- Education: University of Cambridge; University of Newcastle-upon-Tyne
- Scientific career
- Fields: ecology; lichenology

= Janet Simkin =

British lichenologist

Janet Simkin is a plant ecologist and lichenologist at the University of Newcastle-upon-Tyne, UK. She was president of the British Lichen Society 2014–2016.

==Personal life==
Janet W. Simkin became interested in lichens at school. She took an M. A. degree in natural sciences at University of Cambridge in 1978 and later a Ph.D. in 2007 at University of Newcastle.

==Career==
Simkin initially worked in software management and development but in 1996 began working as a freelance ecological consultant. Her research on lichens in grassland contaminated by lead mining (calaminarian grassland) led to her doctoral degree in grassland ecology. From 2007 she has held various academic post at University of Newcastle as a plant ecologist with a specialist knowledge of plants, lichens and bryophytes as well as vegetation surveying. She was appointed as a part-time lecturer in 2019. Her research has focused on grasslands and woodlands, especially post-anthropogenic sites such as lead mines and churchyards.
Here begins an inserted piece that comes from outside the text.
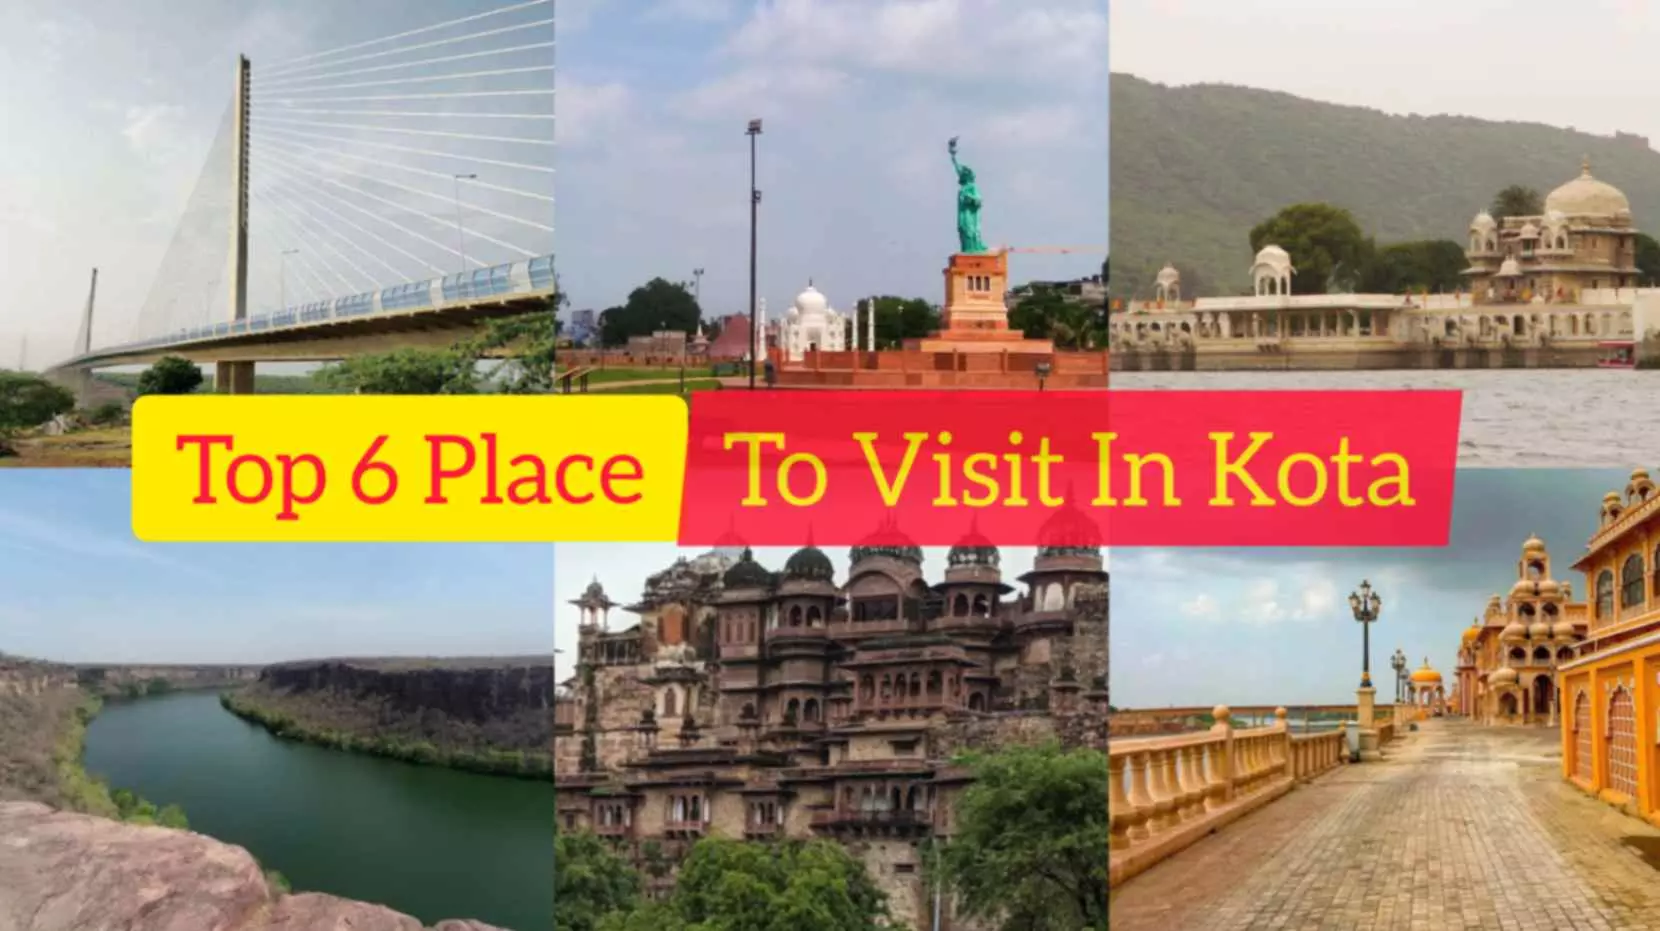 Top 6 Place To Visit In Kota

She has been involved in several projects to restore calaminarian grassland in the north Pennines and north Wales after metal mining operations have ceased. She is particularly involved in surveying and long-term studies of land restoration. She has published extensively on lichen taxonomy. Simkin is also involved in scientific outreach and runs several adult education classes for Natural History Society of Northumbria as well as undergraduate and postgraduate courses at the university and biological record structures through the British Lichen Society.

==Honours==
She has been data manager at the British Lichen Society since 2000 for their recording scheme and spatial records database and was webmaster 2012 - 2020. She was the society's president from 2014 until 2016. In 2008 she received the Ursula Duncan Award for outstanding service to the society.

==Publications==
Simkins is the author or co-author of more than 30 scientific publications. These include:

- Charlotte L. Outhwaite, Gary D. Powney, Tom A. August ... Janet Simkin and 31 other authors (2019) Annual estimates of occupancy for bryophytes, lichens and invertebrates in the UK, 1970–2015. Scientific Data 6 article 259
- Ellis, C.J, Coppins, B.J., Eaton, S. Simkin, J. (2013) Implications of ash dieback for associated epiphytes. Implications of ash dieback for associated epiphytes. Conservation Biology 27 898–901
- Bardgett, R.D., Smith, R.S., Shiel, R.S., Peacock, S., Simkin, J.M., Quirk, H., Hobbs, P.J. (2006) Parasitic plants indirectly regulate below-ground properties in grassland ecosystems. Nature 439 969–972

She is a member of the editorial board producing the revised and updated third edition of Lichens of Great Britain.